Chapter 20 FAQs

20.1 How do I convert my survey scores into percentages?

In the example below we have to arrays of data. One provides the survey score for each of 12 Haggises for burrowing activity, and the other is the score for the use of taxis by these individuals.
Since the scores have different denominators, it is advisable the the scores be converted into percentages before comparing the two variables.

burrowing <- c(2,3,4,1,3,4,3,5,3,2,3,4)
taxi_use <- c(9,9,8,6,9,4,3,2,8,9,8,7)
burrow_perc <- 100*(burrowing/5)
taxi_use_perc<-100*(taxi_use/10)

20.2 How do I test my data for Normality?

Testing for Normality of a variable can be described as testing to see if the data follows the Normal distribution. The most commonly used way to assess this is by visual inspection, either by plotting a Histogram (from the data) or by plotting a Q-Q plot (or Quantile-Quantile plot). The formal methods commonly used are the Shapiro-Wilk test and the Kolmogorov-Smirnov test.

20.2.1 Visual methods

When the data is plotted as a histogram, Normality is assessed by inspecting the shape of the histogram. Typically, if the histogram exhibits a bell-shape, the data is assumed to be Normal. The shape of the histogram can also indicate whether the distribution is skewed. For the Q-Q plot, Normality is assumed if the points on the plot follow (approximately) the diagonal line. In this case, the Q-Q plot is a scatterplot of the quantiles from the data plotted against theoretical, Normally distributed quantiles.
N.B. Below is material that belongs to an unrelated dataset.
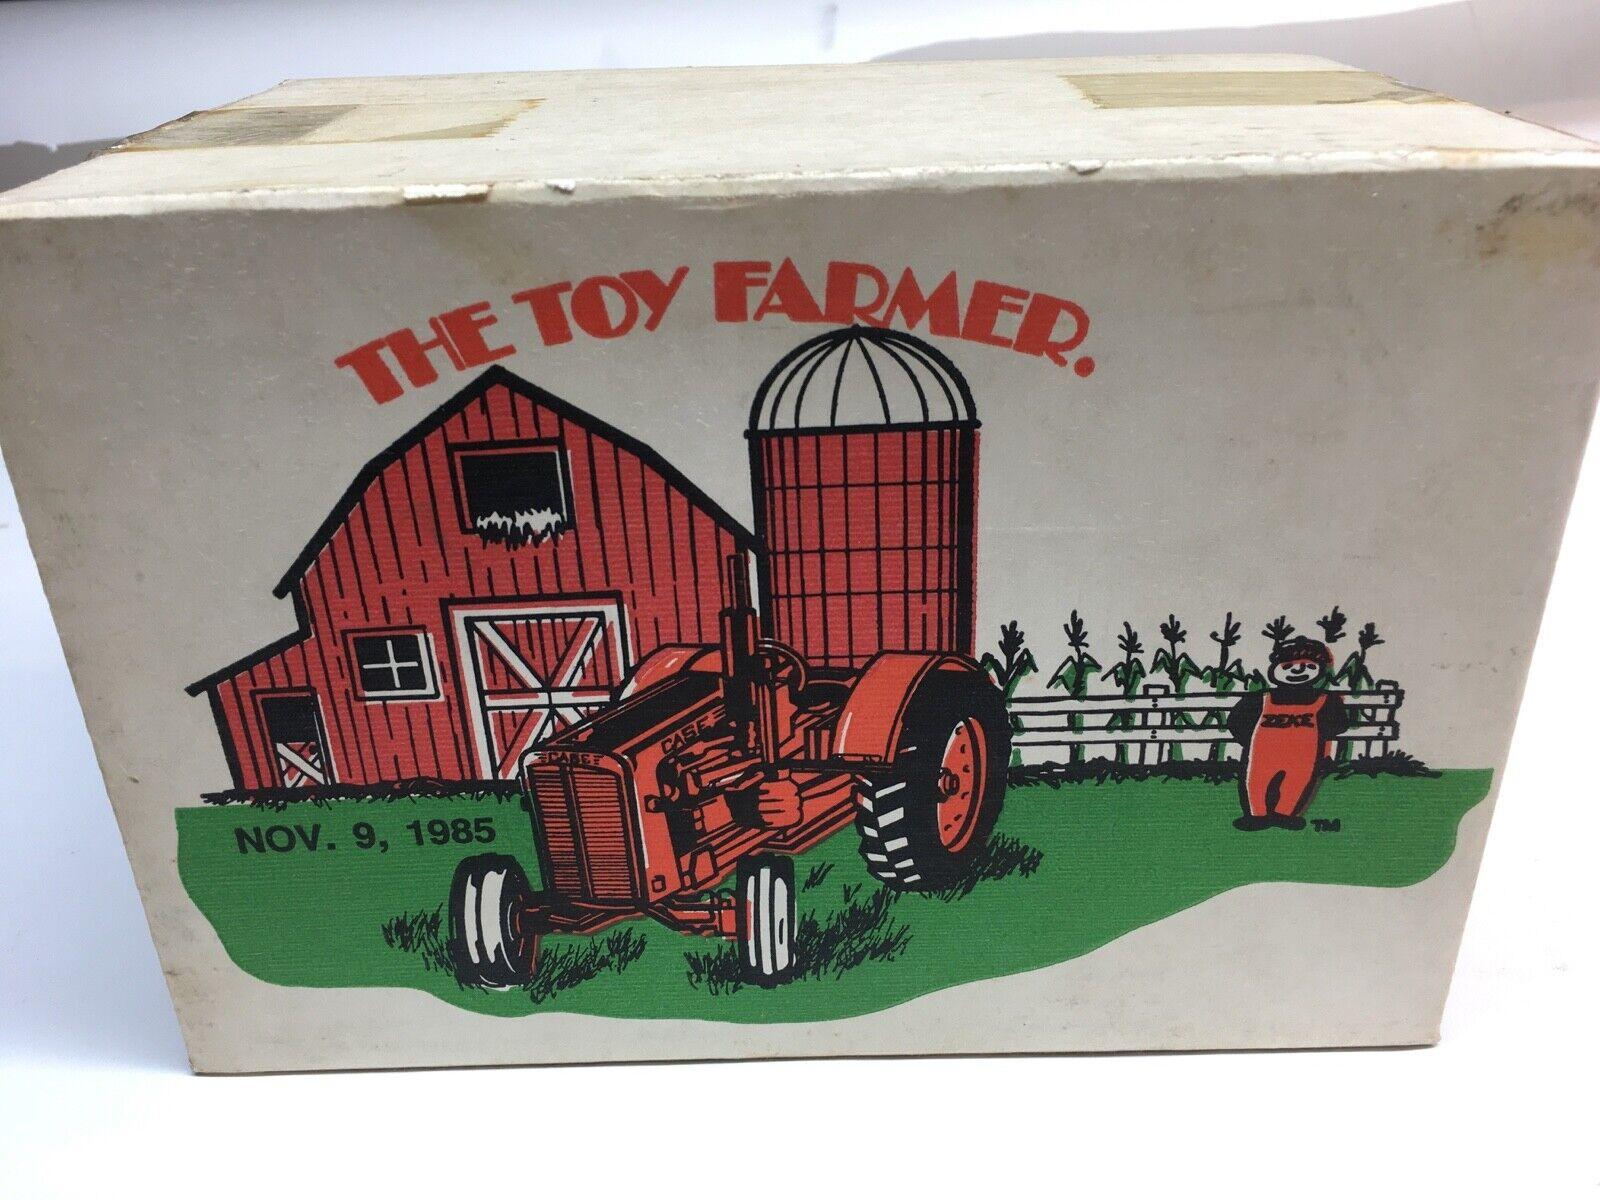 1 16 SCALE CASE MODEL 500 TRACTOR 1985 1985 1985 TOY FARMER c0d528

Try the following code to test the Haggis data (from the section on T-tests) for Normality.

library(ggplot2)
ba <- data.frame(c(before,after))
ba$timeframe <- c(rep("before",length(before)),rep("after",length(after)))
colnames(ba)<-c("number","timeframe")


# Histogram


ggplot(ba, aes(x = number)) + facet_wrap(. ~timeframe,ncol=1)+
  geom_histogram(binwidth=1,aes(fill = ..count..)) +
  scale_x_continuous(name = "Percentage of limpers per household")  +
  scale_y_continuous(name = "Count") +
  ggtitle("Percentage of limpers per Haggis household",
          subtitle="before and after physiotherapy")+
  theme(text = element_text(size=40))

# Q-Q plot

qqnorm(before,cex=4,pch=18,cex.main=3,cex.axis=3,cex.lab=2)
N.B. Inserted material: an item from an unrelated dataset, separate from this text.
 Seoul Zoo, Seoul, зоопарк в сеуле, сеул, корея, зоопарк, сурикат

qqnorm(after,cex=4,pch=18,cex.main=3,cex.axis=3,cex.lab=2)

20.2.2 Formal methods

For both of the abovementioned formal methods, a p-value greater than 0.05 indicates that the data is Normally distributed.

Try the following code to test the Haggis data for Normality.

# Shapiro-Wilk test

shapiro.test(before)

## 
##  Shapiro-Wilk normality test
## 
## data:  before
## W = 0.96498, p-value = 0.009255

# Kolgomorov test

ks.test(after, 'pnorm')

## 
##  One-sample Kolmogorov-Smirnov test
## 
## data:  after
## D = 1, p-value < 2.2e-16
## alternative hypothesis: two-sided

20.3 How do I conduct multiple correlation tests?

For this topic, we’ve created some data to illustrate the method. The data will represent three variables obtained from a survey of 1000 individuals. Lets imagine that the researcher at hand is interested in assessing the correlation between the variables as an exploratory exercise. Lets give the variables the names: “limping”, “burrowing”,“symbiosis”. I guess you’ve figured out that I like the Haggis data example - the variables above refer to limping score, burrowing activity, and symbiotic activity (engaging for mutual benefit with other species/genera) for each of 1000 Haggises.

First we’ll inspect the names of the variables in the dataset We’ll then visualize the correlations, then print out the matrix of correlations (correlation matrix).

names(dataf)

## [1] "limping"   "burrowing" "symbiosis"

ggpairs(
  dataf, 
  upper = list(
    continuous = wrap("cor", size = 10, alignPercent = 1)
  )
)

Mat <-cor(dataf)
corrplot(Mat, method="circle")

Mat

##               limping  burrowing   symbiosis
## limping    1.00000000 -0.6039400 -0.09197149
## burrowing -0.60393996  1.0000000  0.23888882
## symbiosis -0.09197149  0.2388888  1.00000000

20.4 How do I deal with missing data?

One common approach to this is data imputation. There are various methods available including replacing an NA in a given variable with the mean value (or median,or mode) observed for that variable. There are formal approaches to characterize the missingness and it is worth examining the data to see if there are any patterns in missingness. More information will be provided here using the chocolate biscuit case study.